Both types of ADP cases allow donors to donate their kidney before their intended recipient receives a kidney. Some ADP donors have donated just a few months before their intended recipient was transplanted (short-term cases). Other ADP donors have donated 20 years or more before their intended recipient is expected to need a transplant (voucher cases), with the hope that their intended recipient will never need a transplant. 

Pediatric Chronic Kidney Disease and Transplant Research

At Weill Cornell Medicine, we always strive to do more for our patients. Our pediatric nephrologists are involved in research projects to help improve outcomes in children with chronic kidney disease as well as kidney transplants.

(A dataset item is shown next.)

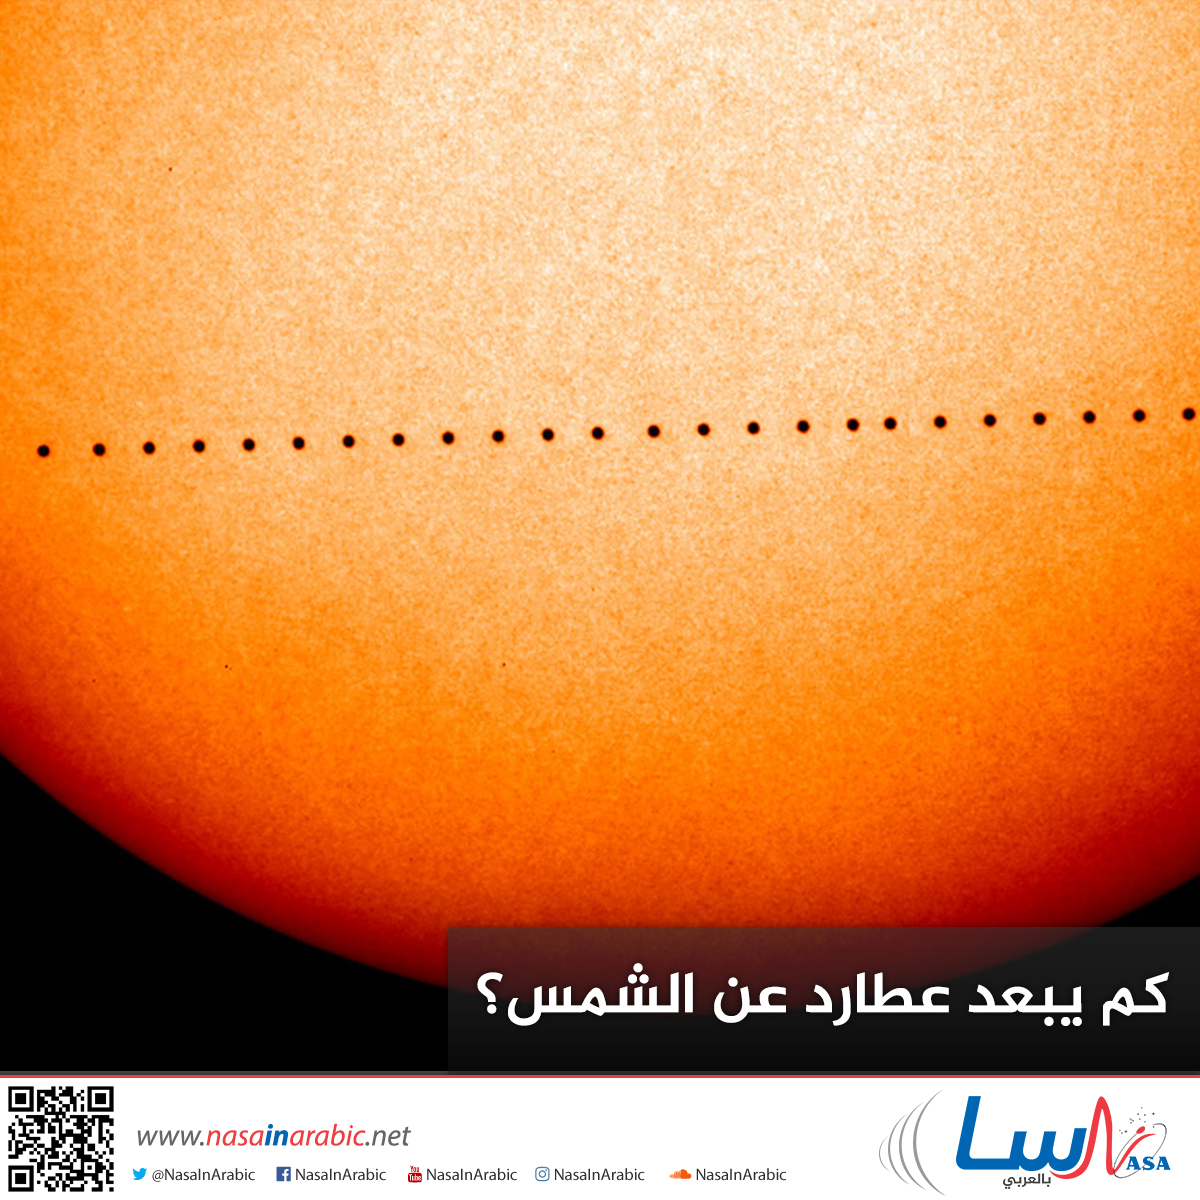 كم يبعد عطارد عن الشمس؟

Dr. Juhi Kumar is the Principal Investigator of one of the largest multicenter studies in North America for pediatric kidney transplant recipients. This study is being done with Dr. Suthanthiran, Stanton Griffis Distinguished Professor of Medicine at Weill Cornell Medicine and her colleagues at the Children’s Hospital of Philadelphia. The “Validating Injury to the Renal Transplant Using Urinary Signatures in Children” (VIRTUUS) study, aims to validate known urinary biomarkers of allograft injury in adults in pediatric kidney transplant recipients. These markers if validated in pediatric patients will enable us to non-invasively monitor for and manage allograft dysfunction sooner in kidney transplant recipients.